On Fri, Aug 15, 2025 at 03:52:12PM +0200, Peter Zijlstra wrote:
> On Fri, Aug 15, 2025 at 03:40:17PM +0200, Peter Zijlstra wrote:
> > On Wed, Aug 06, 2025 at 10:01:20AM +0200, Nam Cao wrote:
> >
> > > +/*
> > > + * The two trace points below may not work as expected for fair tasks due
> > > + * to delayed dequeue. See:
> > > + * https://lore.kernel.org/lkml/179674c6-f82a-4718-ace2-67b5e672fdee@xxxxxxx/
> > > + */
> >
> > > +DECLARE_TRACE(dequeue_task,
> > > + TP_PROTO(int cpu, struct task_struct *task),
> > > + TP_ARGS(cpu, task));
> > > +
> >
> > > @@ -2119,7 +2121,11 @@ inline bool dequeue_task(struct rq *rq, struct task_struct *p, int flags)
> > > * and mark the task ->sched_delayed.
> > > */
> > > uclamp_rq_dec(rq, p);
> > > - return p->sched_class->dequeue_task(rq, p, flags);
> > > + if (p->sched_class->dequeue_task(rq, p, flags)) {
> > > + trace_dequeue_task_tp(rq->cpu, p);
> > > + return true;
> > > + }
> > > + return false;
> > > }
> >
> > Hurmpff.. that's not very nice.
> >
> > How about something like:
> >
> > dequeue_task():
> > ...
> > ret = p->sched_class->dequeue_task(rq, p, flags);
> > if (trace_dequeue_task_p_enabled() && !(flags & DEQUEUE_SLEEP))
> > __trace_dequeue_task_tp(rq->cpu, p);
> > return ret;
> >
> >
> > __block_task():
> > trace_dequeue_task_tp(rq->cpu, p);
> > ...
> >
> >
> > Specifically, only DEQUEUE_SLEEP is allowed to fail, and DEQUEUE_SLEEP
> > will eventually cause __block_task() to be called, either directly, or
> > delayed.
>
> If you extend the tracepoint with the sleep state, you can probably
> remove the nr_running tracepoints. Esp. once we get this new throttle
> stuff sorted.

Sorry, I'm a bit out of depth here. Can you elaborate?

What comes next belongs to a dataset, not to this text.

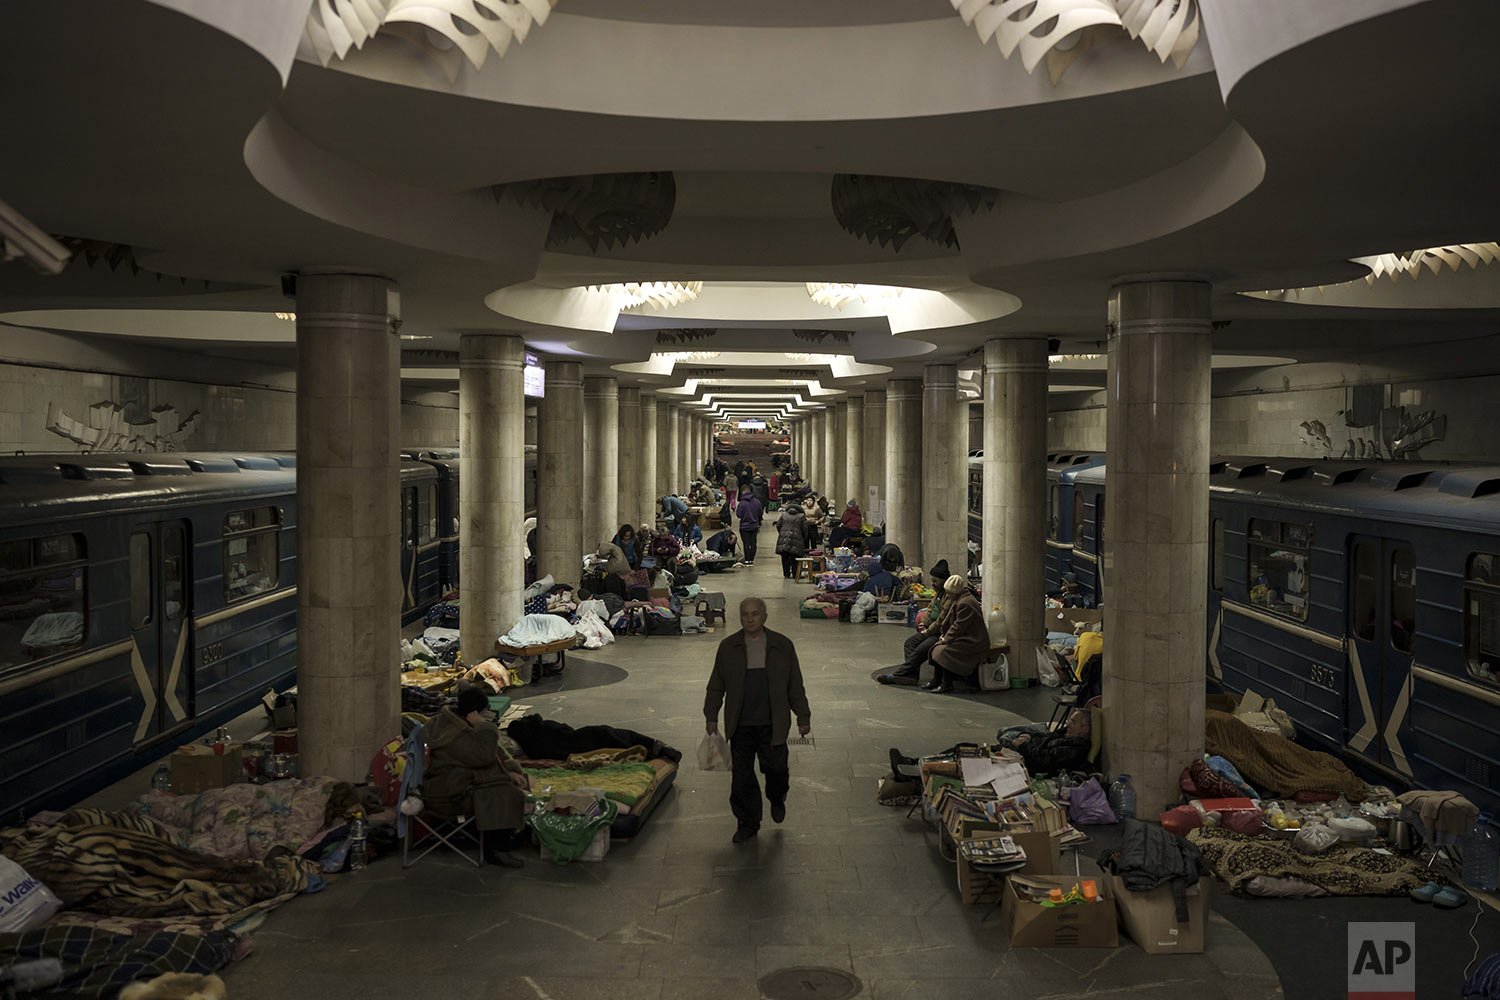  People stay in a metro station being used as a bomb shelter in Kharkiv, Ukraine, Saturday, March 26, 2022. With the invasion now in its second month, Russian forces have seemingly stalled on many fronts and are even losing previously taken ground to

By "sleep state" do you mean (flags & DEQUEUE_SLEEP)? The nr_running
tracepoints are not hit if the task is throttled, while these new
tracepoints are hit. How does the sleep state help with this difference?

Also +Cc Phil Auld <pauld@xxxxxxxxxx>, who seems to care about the
nr_running tracepoints.

Nam